Tutte le discriminazioni penalizzano le compagnie

    Il Religious Freedom Restoration Act, in vigore in molti stati conservatori degli Stati Uniti, che tutela la libertà di religione, concede ai datori di lavoro di non assumere impiegati gay o di non commissionare lavori a persone omosessuali.

    L’Indiana ha spinto questo principio ancora più avanti consentendo con una legge molto criticata di autorizzare qualsiasi fornitore di beni o servizi al pubblico di rifiutare servizi alla clientela gay per motivi religiosi.

    L’alzata di scudi della comunità LGBT è stata tale che il governatore dell’Indiana è stato costretto a firmare il 2 aprile 2015 un emendamento chiarendo che la legge dell’Indiana non consente la discriminazione contro i gay.

    Le grandi compagnie Apple, Sony, Amazon, Starbucks e PepsiCo ritengono sia più vantaggioso rivolgere la vendita dei propri prodotti ad acquirenti con orientamenti politici più liberali rispetto ai consumatori più conservatori. Front man di questa nuova scuola di pensiero è Tim Cook, dichiaratamente omosessuale e CEO di Apple, il quale denuncia pubblicamente le discriminazioni in ogni loro forma sostenendo a spada tratta la tesi secondo cui il business debba essere aperto a tutti a prescindere dall’orientamento sessuale, dalla religione e dall’etnia dei propri clienti.

    Come risposta ai più conservatori Cook afferma che “non è una questione religiosa, ma si tratta di come ci comportiamo nei confronti dell’altro in quanto esseri umani”. Cook invita dunque i CEO ad essere più tolleranti ma più anche ragionevoli perché non solo non sarebbe “umano” precludere a una coppia gay di comprare un prodotto per difendere la propria libertà religiosa, ma anche irragionevole perché contro gli interessi della compagnia stessa.

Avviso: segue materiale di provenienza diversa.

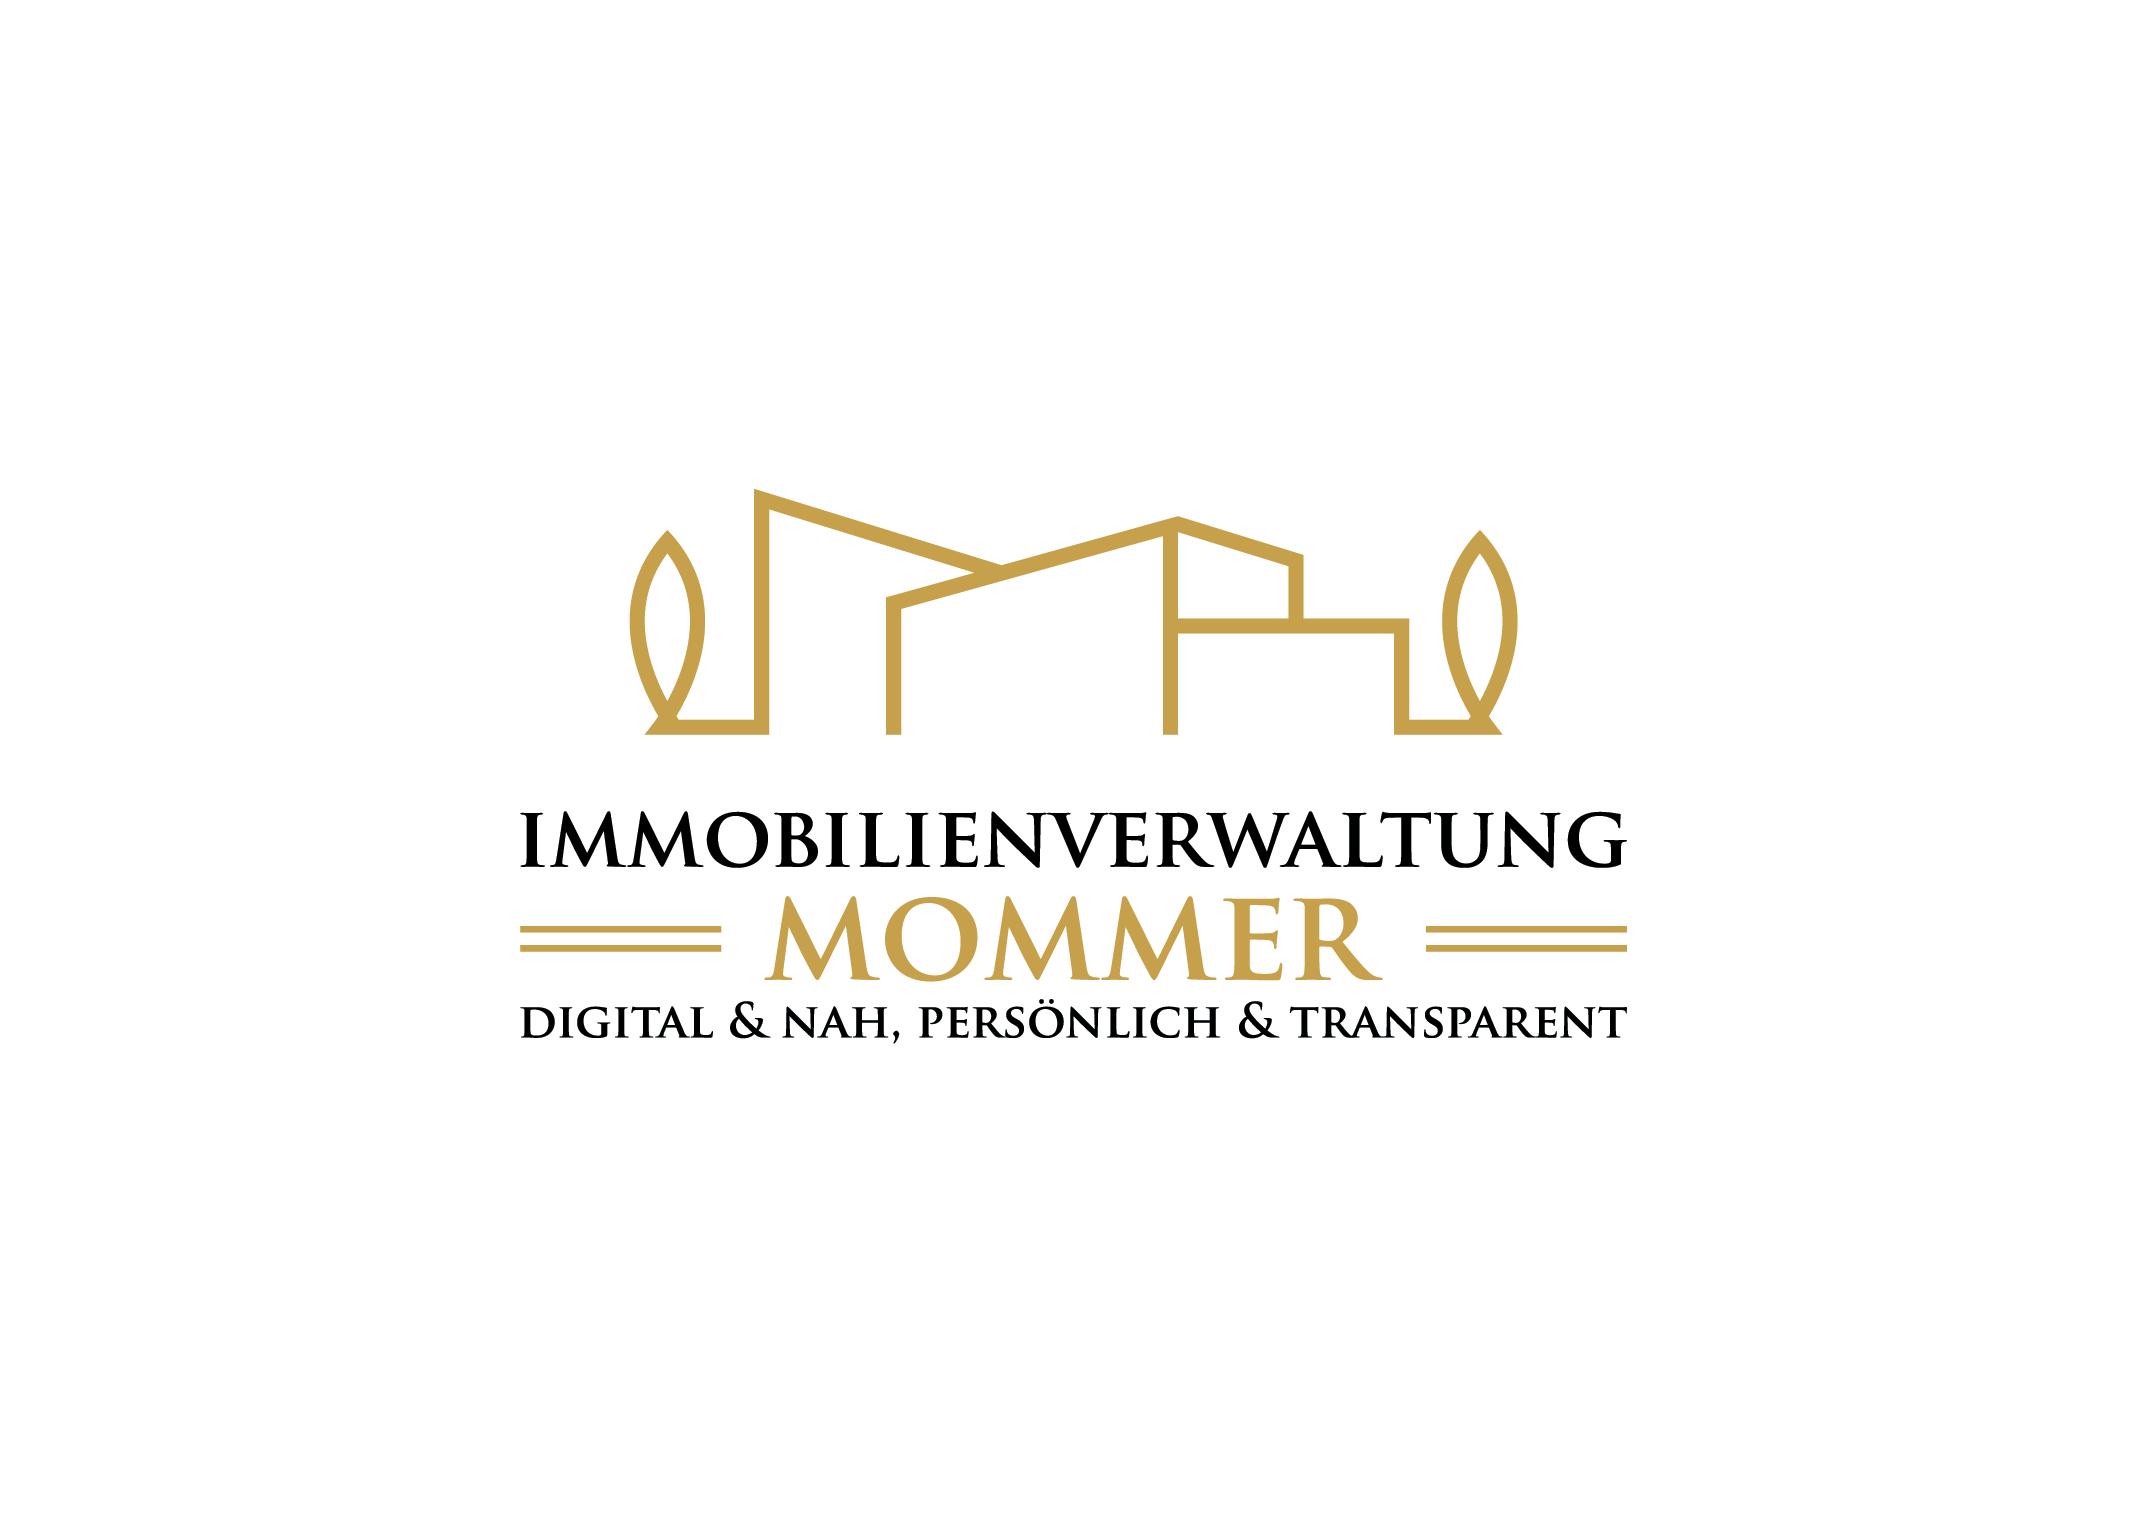 Immobilienverwaltung Mommer GmbH & Co. KG

    Se si decide di creare delle categorie da escludere dal proprio mercato per motivi religiosi (e non perché non rientrino del target di mercato della compagnia) si riduce in modo sostanziale – e irrazionale- il proprio numero di possibili acquirenti e, ancora peggio, dei propri azionisti.
    Cook, insieme a Howard Shultz di Starbucks e Mark Benioff di Salesforce.com si sono opposti rigidamente alle leggi a tutela della libertà religiosa dell’Indiana, esprimendo la propria solidarietà a favore dei diritti delle coppie omosessuali e per tutte quelle categorie di persone che vengono discriminate da chi si giustifica dietro al proprio diritto di praticare liberamente la propria religione.

    Se dal punto di vista delle grandi compagnie la discriminazione rappresenta un grave danno economico causando perdite sui profitti, da quello dei consumatori rappresenta un danno morale che non si può trascurare.
    Difficilmente Cook potrà cambiare lo stampo conservatore di molti stati Americani ma la sua sollecitazione ad avere un armonizzazione delle leggi in modo da favorire il commercio in maniera più libera ed indifferenziata potrà forse portare a un atteggiamento più ragionevole da parte dei più tradizionalisti. “Apple è aperta a prescindere dalla nazionalità dei clienti, l’aspetto che hanno, la religione che predicano o chi amano” afferma Cook.

    Corrente Rosa pur condividendo la logica che porta il CEO di un’azienda a non volere discriminare, si preoccupa che in prima linea ci siano le aziende e non i politici e la società civile a difendere un diritto umano dalla volontà di politici locali di autorizzare una discriminazione su base religiosa.